# MEDIO FÍSICO > Embalses > Jucar >  Embalse de Embarcaderos

## sergi1907

De camino hacia Yeste tuvimos que hacer una parada en Cofrentes para que descansara el bebé. 
Allí se encuentra este embalse del que no he encontrado más datos que su capacidad de 11 hm3 y que su uso está destinado al aprovechamiento hidroeléctrico. En el se juntan el río Cabriel y el Júcar.

El río Cabriel








El Júcar

----------


## sergi1907

En Cofrentes se encuentra la Central Nuclear, al margen derecho del Júcar





Un saludo

----------


## Luján

> De camino hacia Yeste tuvimos que hacer una parada en Cofrentes para que descansara el bebé. 
> Allí se encuentra este embalse del que no he encontrado más datos que su capacidad de 11 hm3 y que su uso está destinado al aprovechamiento hidroeléctrico. En el se juntan el río Cabriel y el Júcar.
> 
> [...]


Es el embalse que sirve también para refrigeración de la Central Nuclear. De él toma y a él suelta el agua.
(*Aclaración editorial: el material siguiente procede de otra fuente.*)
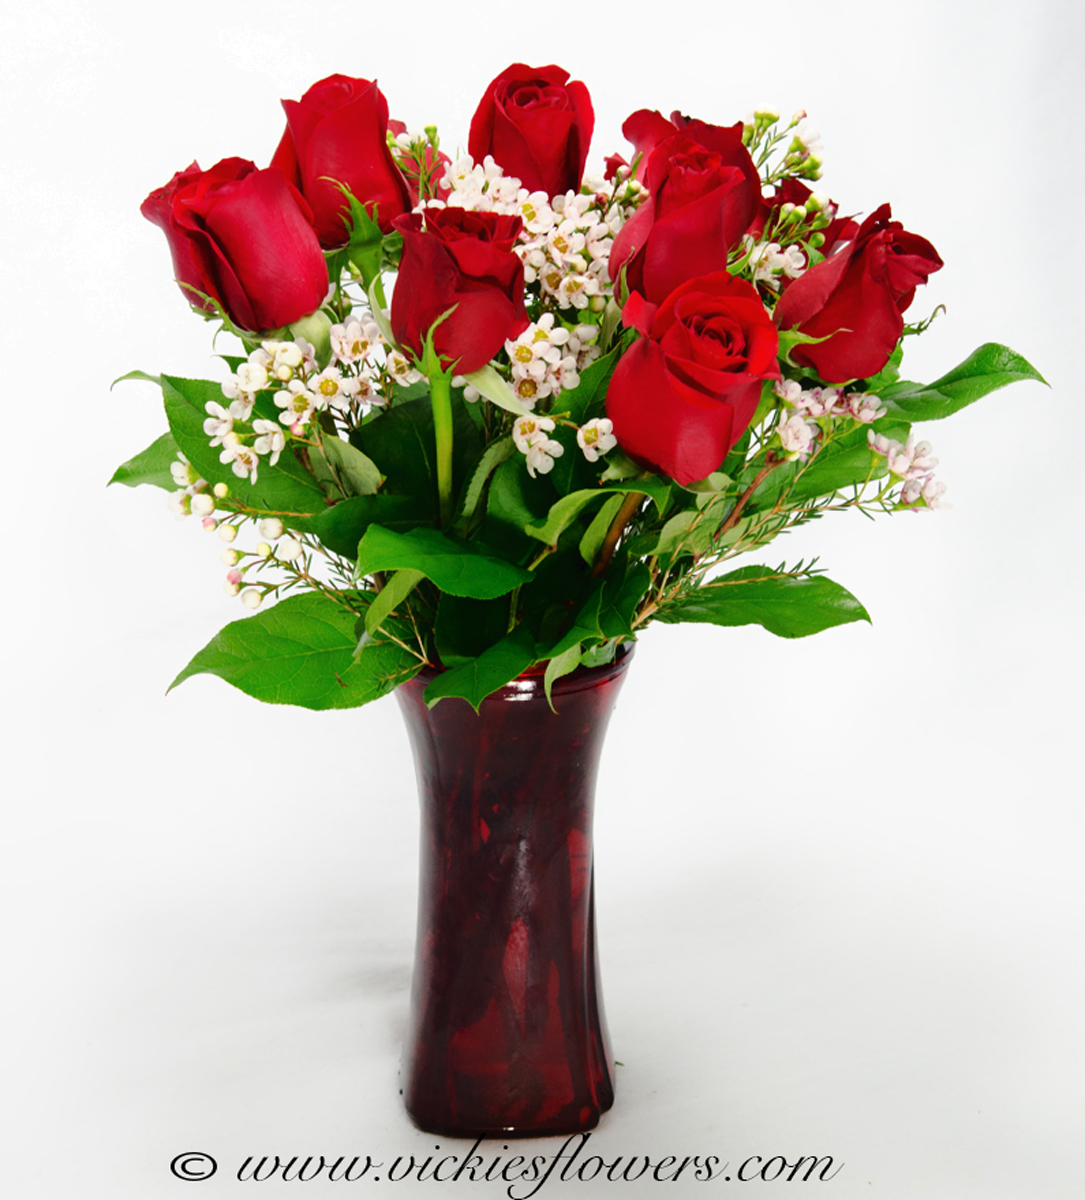 Roses Anniversary Love Flowers Bouquet Arrangement Archives

De hecho, este embalse tiene una temperatura media del agua mucho más alta que el río antes y tras él.

----------


## IMP68

> Es el embalse que sirve también para refrigeración de la Central Nuclear. De él toma y a él suelta el agua.
> 
> De hecho, este embalse tiene una temperatura media del agua mucho más alta que el río antes y tras él.


Una consulta, yo tenia entendido que este embalse estaba en desuso y que estaba sustituido para sus funciones por el de Cortes II, pero por lo que dices no es así, me podrías comentar algo de esto?

Además, alguien tiene alguna foto de la presa, o está sumergida por las agua de Cortes II?

Saludos

----------


## Luján

> Una consulta, yo tenia entendido que este embalse estaba en desuso y que estaba sustituido para sus funciones por el de Cortes II, pero por lo que dices no es así, me podrías comentar algo de esto?
> 
> Además, alguien tiene alguna foto de la presa, o está sumergida por las agua de Cortes II?
> 
> Saludos


Realmente el embalse de embarcaderos no aparece en las listas ni del SEPREM ni del MMA, por lo que es de suponer que como tal no esté operativo.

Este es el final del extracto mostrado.